A quick way to check on your server type (if you'd rather not just ask them) is to see how it handles a 404, Page Not Found Error. Go to the address bar of your browser, type in the URL of your website, type a forward slash as if you were going to access a subpage or subdirectory, and then type a bunch of garbage characters. A windows server will return a "The page cannot be found" error page with a link to the root directory of your site in the middle of the page and a link to Microsoft Support at the bottom. A Unix server will give you a smaller "Not Found" error with a bunch of information on the specific Apache version of the hosting server and a link to your root directory at the bottom.
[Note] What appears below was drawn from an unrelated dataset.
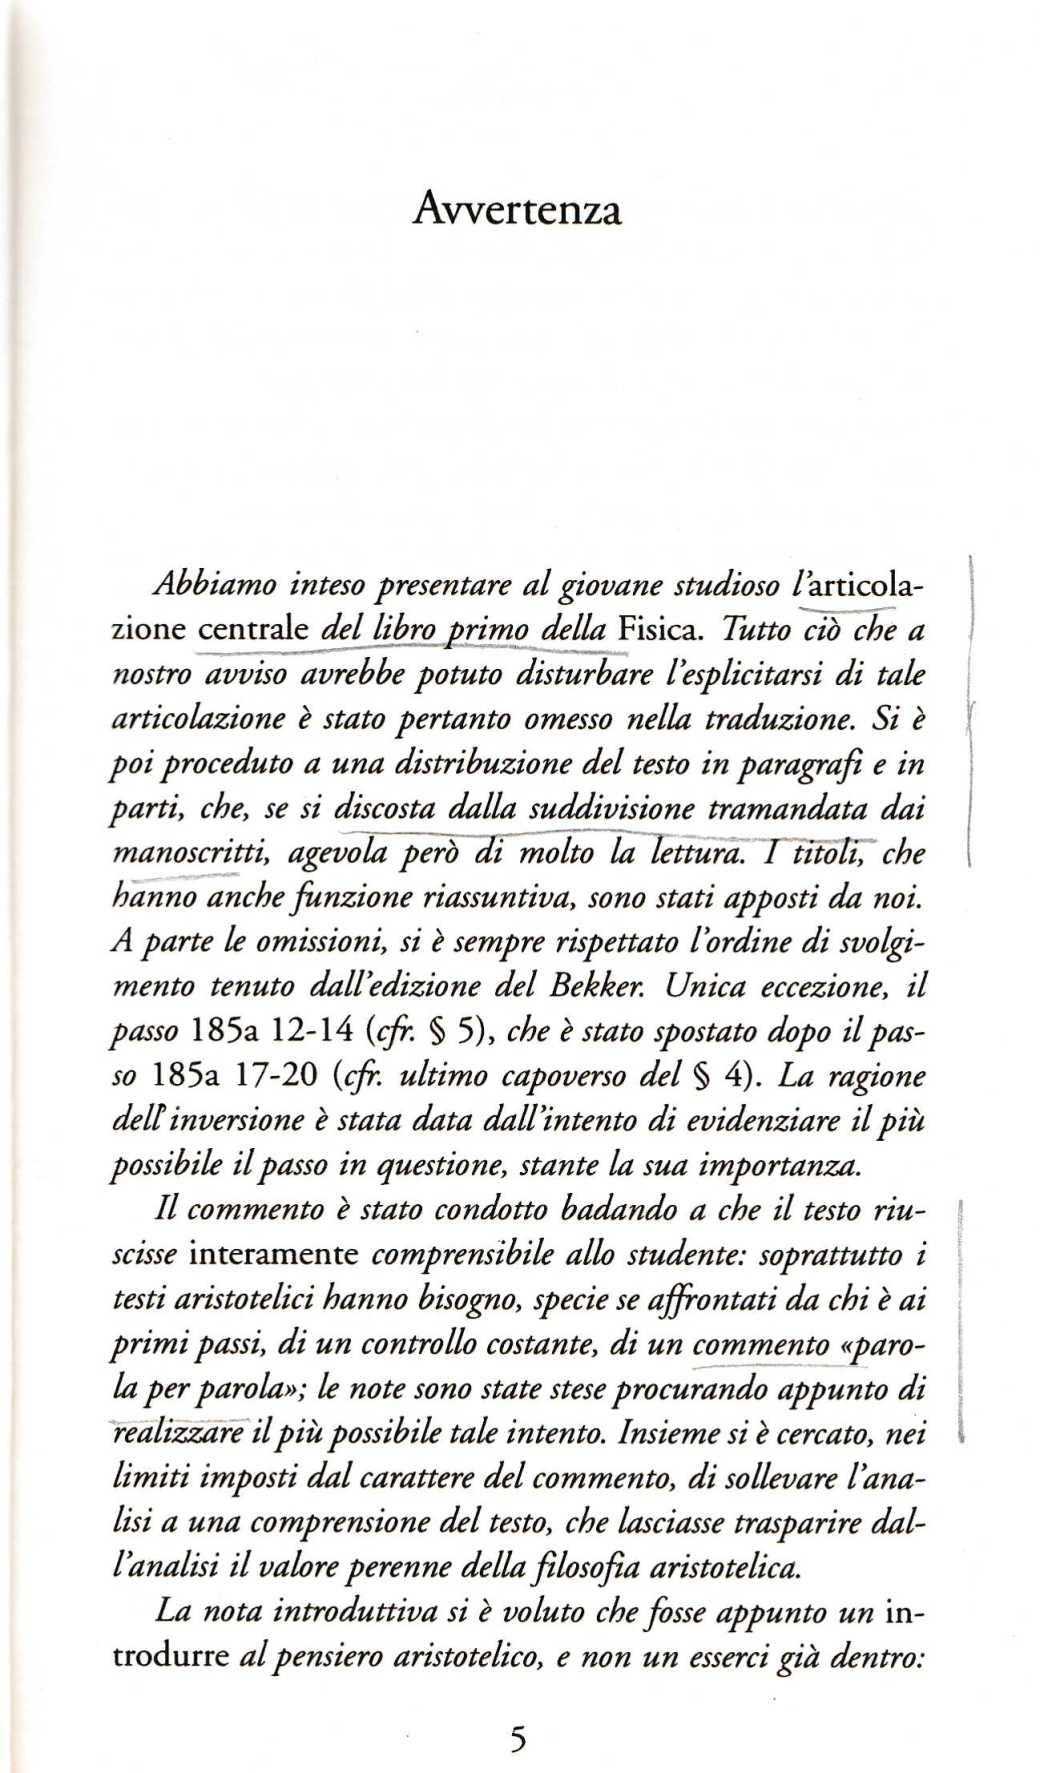 aristotele divenire193

By the way--if you're still reading this very long post--I'd recommend using Notepad over MS Word for web editing. You can even download some fairly useful, free web editors from ZDnet. Pretty much anything is better than using Word for web pages.


----------



## overbydt (Jun 20, 2002)

OK, the test.shtml works. And I'm attaching a screenshot of the error page.


----------



## BMoCore (Dec 29, 2005)

overbydt said:


> OK, the test.shtml works. And I'm attaching a screenshot of the error page.


Your test never ran. Error 404 means the file (test.shtml) was not found. The test is only determining pass/fail on the basis of whether you see a date between the X's or not.


----------



## overbydt (Jun 20, 2002)

No the test DID run, I got the date between the Xs. ptvGuy wanted to know what the error page looks like, so I posted a picture of the page.


----------